So, unsurprisingly, I got some _really_ good results on the epoll_wait()
benchmark by removing the readywalk list altogether -- something like
4000% in some cases. It's also survived more testing, although I'm still
waiting for customer confirmation on his real workload, which helps
further test the changes (along with this patch to move the safewake
list to debug).

Could you please resend patch 1 in the series above?

Thanks,
Davidlohr
Jason Baron Oct. 31, 2017, 2:14 p.m. UTC | #4
On 10/28/2017 10:05 AM, Davidlohr Bueso wrote:
> On Wed, 18 Oct 2017, Jason Baron wrote:
> 
>> http://lkml.iu.edu/hypermail//linux/kernel/1501.1/05905.html
>>
>> We can work through these ideas or others...
> 
> So, unsurprisingly, I got some _really_ good results on the epoll_wait()
> benchmark by removing the readywalk list altogether -- something like
> 4000% in some cases. It's also survived more testing, although I'm still
> waiting for customer confirmation on his real workload, which helps
> further test the changes (along with this patch to move the safewake
> list to debug).
> 
> Could you please resend patch 1 in the series above?
> 

Hi,

I've resent patch 1 with some cleanups now. Thanks for the testing feedback.

Thanks,

-Jason
Hou Tao Jan. 18, 2018, 11 a.m. UTC | #5
Hi Jason,

On 2017/10/18 22:03, Jason Baron wrote:
> 
> 
> On 10/17/2017 11:37 AM, Davidlohr Bueso wrote:
>> On Fri, 13 Oct 2017, Jason Baron wrote:
>>
>>> The ep_poll_safewake() function is used to wakeup potentially nested
>>> epoll
>>> file descriptors. The function uses ep_call_nested() to prevent entering
>>> the same wake up queue more than once, and to prevent excessively deep
>>> wakeup paths (deeper than EP_MAX_NESTS). However, this is not necessary
>>> since we are already preventing these conditions during EPOLL_CTL_ADD.
>>> This
>>> saves extra function calls, and avoids taking a global lock during the
>>> ep_call_nested() calls.
>>
>> This makes sense.
>>
>>>
>>> I have, however, left ep_call_nested() for the CONFIG_DEBUG_LOCK_ALLOC
>>> case, since ep_call_nested() keeps track of the nesting level, and
>>> this is
>>> required by the call to spin_lock_irqsave_nested(). It would be nice to
>>> remove the ep_call_nested() calls for the CONFIG_DEBUG_LOCK_ALLOC case as
>>> well, however its not clear how to simply pass the nesting level through
>>> multiple wake_up() levels without more surgery.
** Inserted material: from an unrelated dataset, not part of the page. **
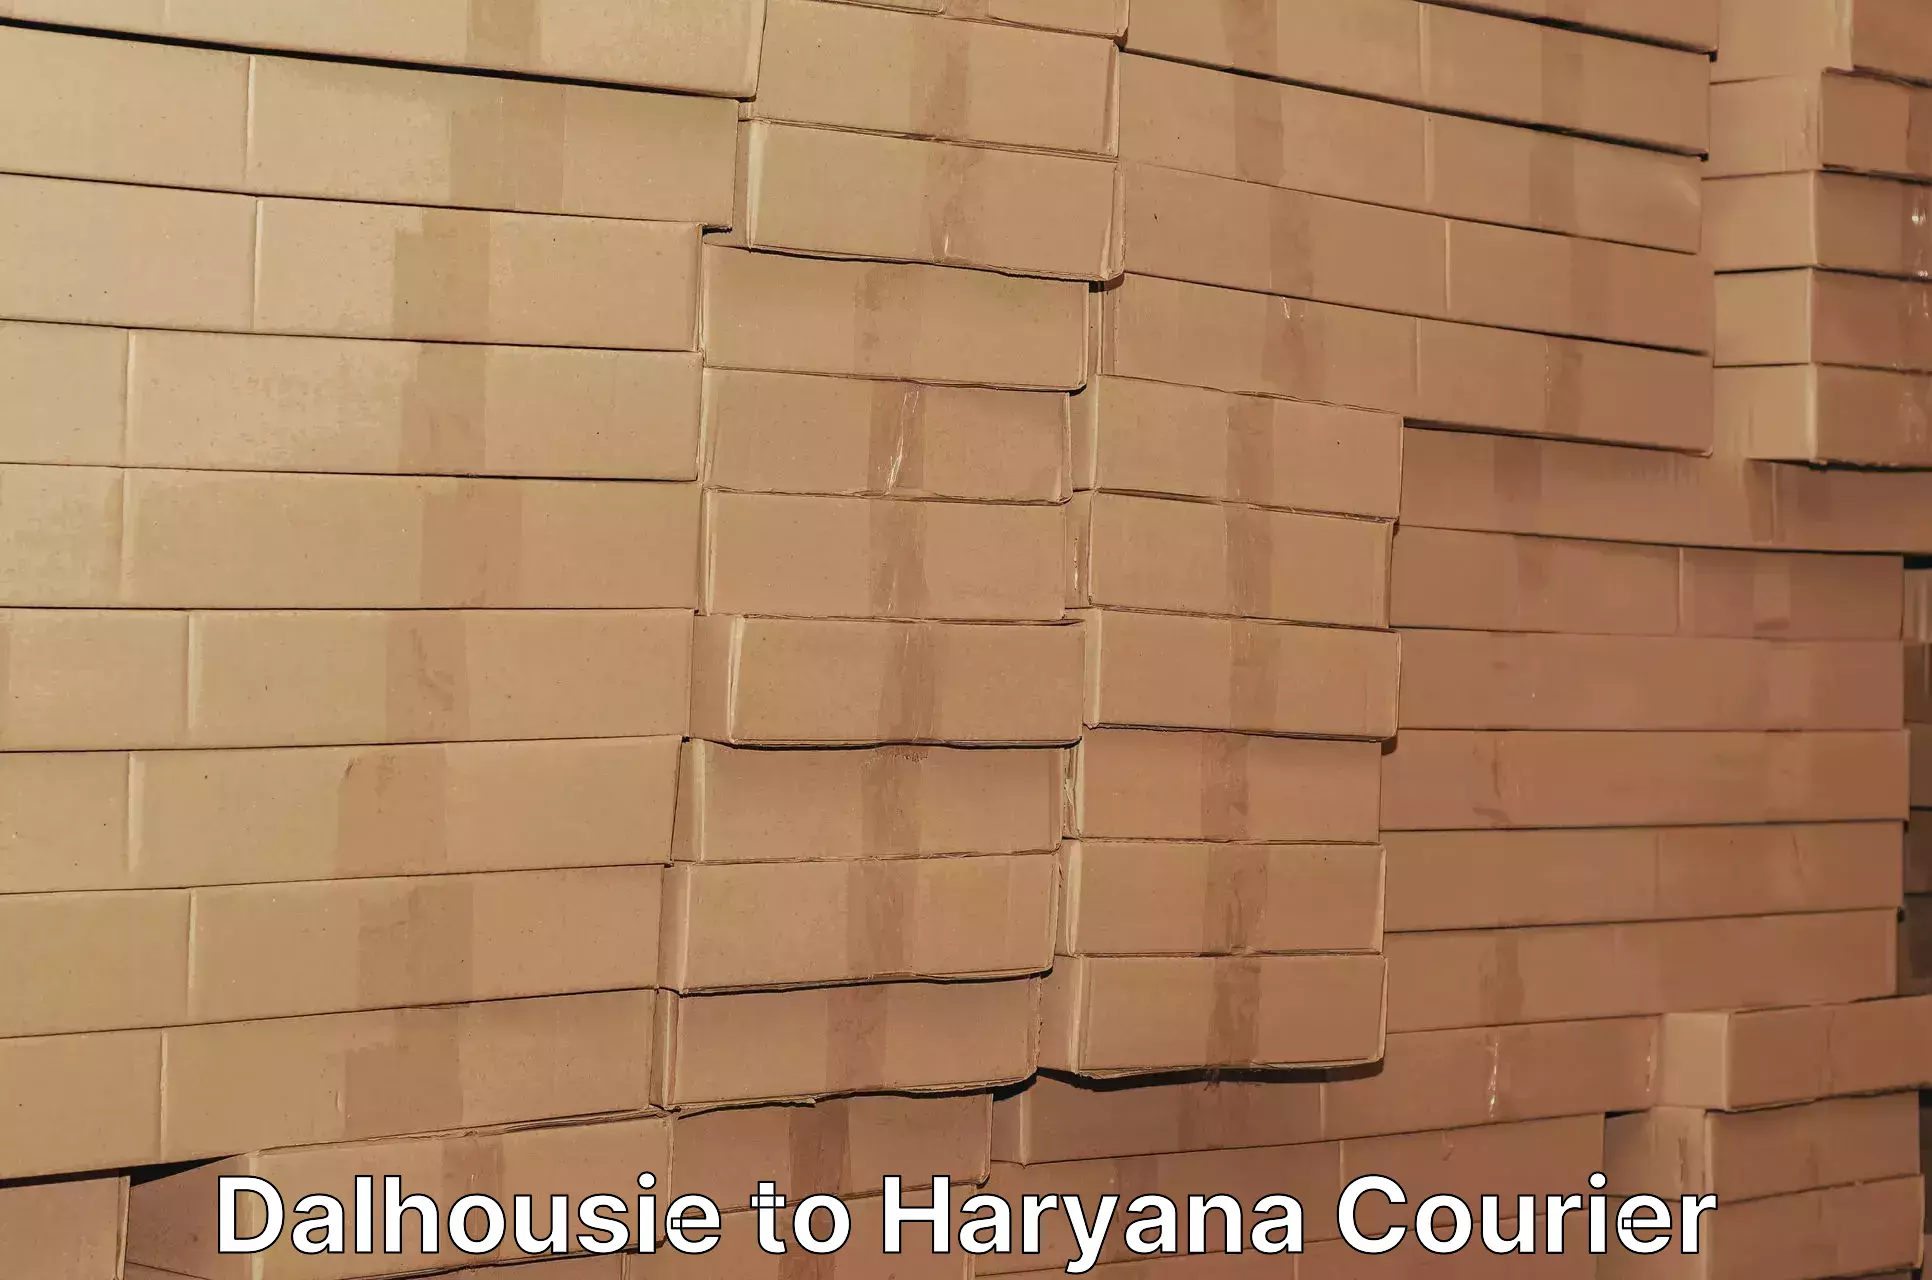 Local courier options Dalhousie to Haryana
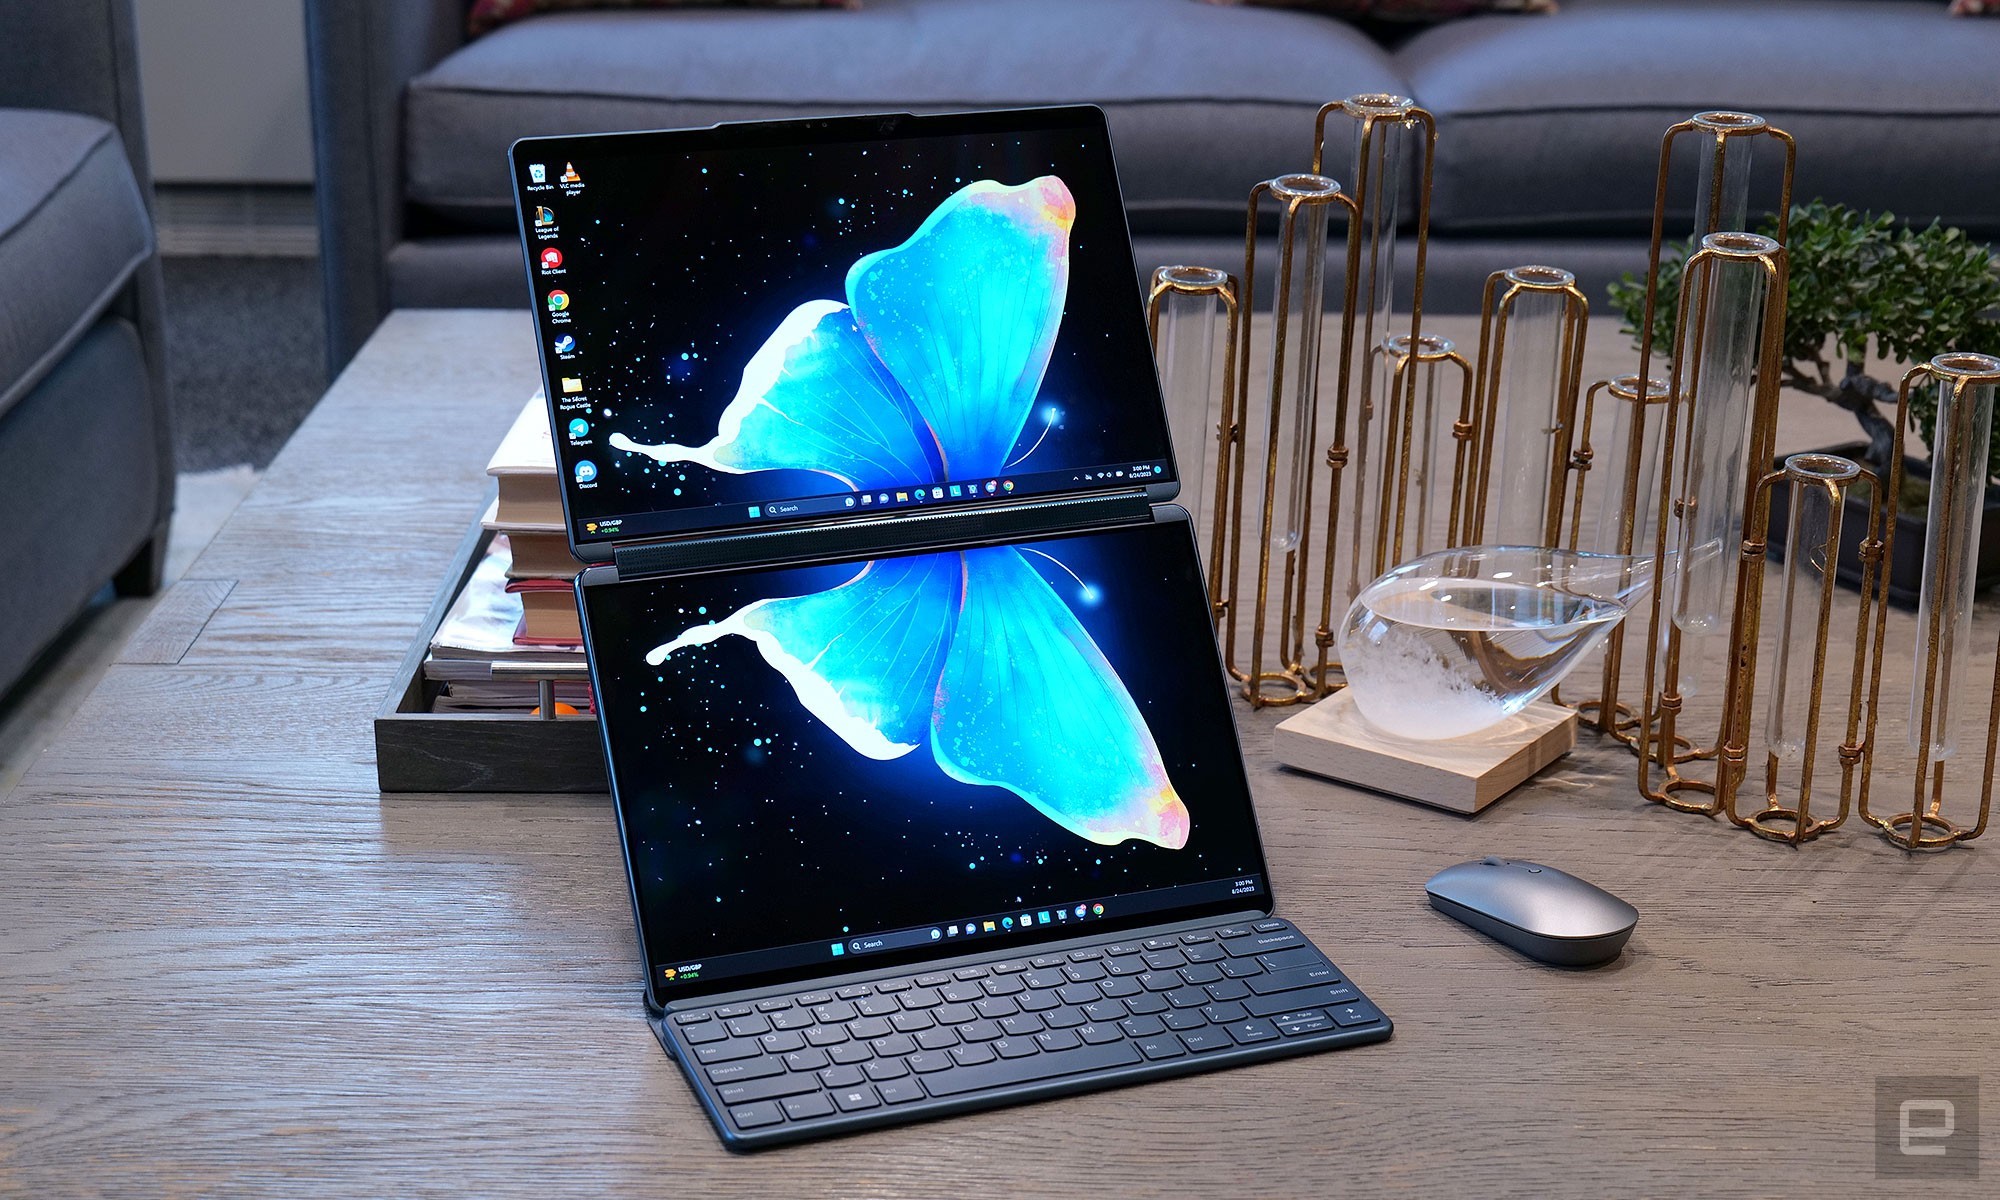 The Yoga Book 9i's stacked display setup might be its most useful mode, as it lets you keep a big project open up top while reserving the bottom screen from email, messaging and more. | DeviceDaily.com

In any case, I don't
>>> think
>>> CONFIG_DEBUG_LOCK_ALLOC is generally used for production. This patch,
>>> also
>>> apparently fixes a workload at Google that Salman Qazi reported by
>>> completely removing the poll_safewake_ncalls->lock from wakeup paths.
>>
>> I'm a bit curious about the workload (which uses lots of EPOLL_CTL_ADDs) as
>> I was tackling the nested epoll scaling issue with loop and readywalk lists
>> in mind.
>>>
> 
> I'm not sure the details of the workload - perhaps Salman can elaborate
> further about it.
> 
> It would seem that the safewake would potentially be the most contended
> in general in the nested case, because generally you have a few epoll
> fds attached to lots of sources doing wakeups. So those sources are all
> going to conflict on the safewake lock. The readywalk is used when
> performing a 'nested' poll and in general this is likely going to be
> called on a few epoll fds. That said, we should remove it too. I will
> post a patch to remove it.
> 
> The loop lock is used during EPOLL_CTL_ADD to check for loops and deep
> wakeup paths and so I would expect this to be less common, but I
> wouldn't doubt there are workloads impacted by it. We can potentially, I
> think remove this one too - and the global 'epmutex'. I posted some
> ideas a while ago on it:
> 
> http://lkml.iu.edu/hypermail//linux/kernel/1501.1/05905.html
> 
> We can work through these ideas or others...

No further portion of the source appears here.